Obviously everyone wants to continue to improve their lot, and a Chinese worker may BOTH realize that their factory job is better than they can attain elsewhere, AND they may suffer under poor conditions at that job. But they can always quit, and odds are someone else will immediately jump on that same job. That says a lot about the comparative quality of the opportunity. In the end these jobs, as flawed as they are, are still living millions out of even worse conditions every day across the globe.
They can get a job somewhere else but it won't be as good. Better to protest/strike at their current job than go somewhere else. Especially when you consider that there's no reason why their current employer can't pay more and improve conditions other than greed.
If there was more realistic competition in the area for workers then the pay and conditions would never have gotten to this point.
You’d think, right? But part of the unrest leading to this point were two or three waves of breakouts of employees escaping lockdowns by jumping the fences and pushing past roadblocks set up by local authorities.
Then they started pressuring locals to work there.

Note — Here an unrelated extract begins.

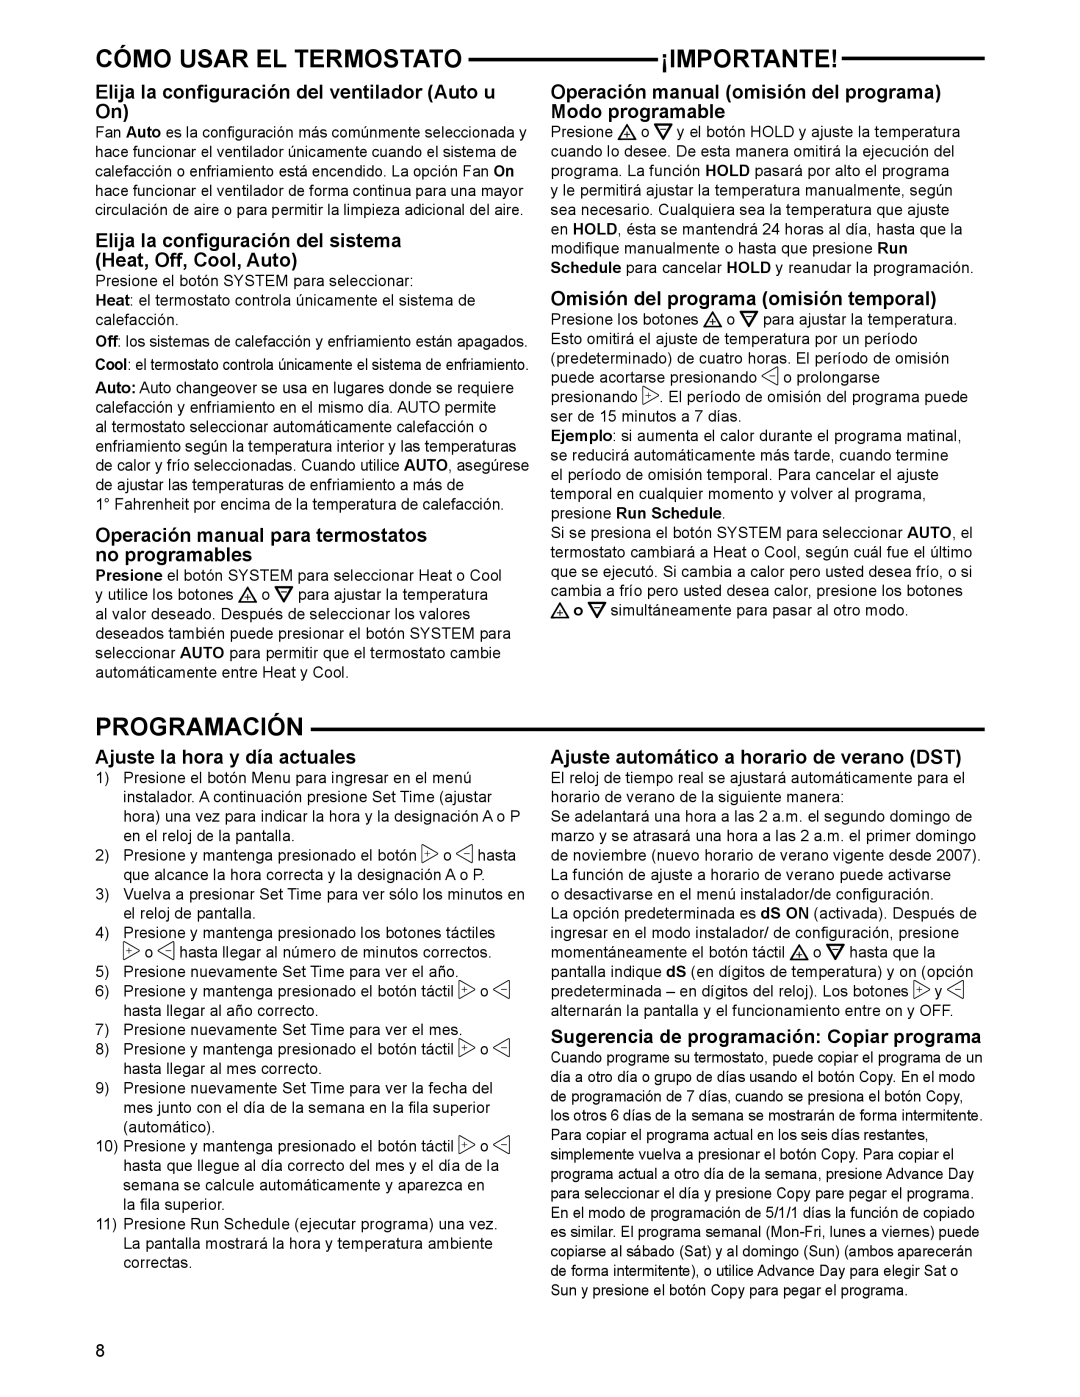 White Rodgers 1F97-1277 manual Cómo Usar El Termostato, ¡Importante, Programación, Omisión del programa omisión temporal

- keep working and earning money, which is why you migrated to the city in the first place. A lot of these migrant workers are bunking it with 4 - 8 other people in one anyway, so it's not like leaving work is some comfy place. But it's more profitable than subsistence farming.
- be locked into your apartment and get no money at all (but still have to pay rent). For the migrant workers who are the manufacturing labor force, that defeats the whole purpose of being in the city in the first place. Besides, they aren't living in comfy apartments.
- the government stop the zero Covid policy so that people can be normal. That's an option anyone but Xi Jinping can take, though.
I've seen some rural villages in Sichuan, and it is definitely subsistence farming. There is not really a feasible way to better yourself besides move elsewhere, so a lot of the parents go work in the city to get a pool of money to improve the lot of their family. Unfortunately, "move elsewhere" is not exactly feasible, either, because of the hukou system, which Mao created to prevent people from moving.
So I'd call it oppression, not exploitation. And it's not the factory owners who are oppressing them, so much as the government. The factory owners are actually providing a means of bettering themselves. (The factory owners might also be exploiting them, but the situation referred to is not an example of that.)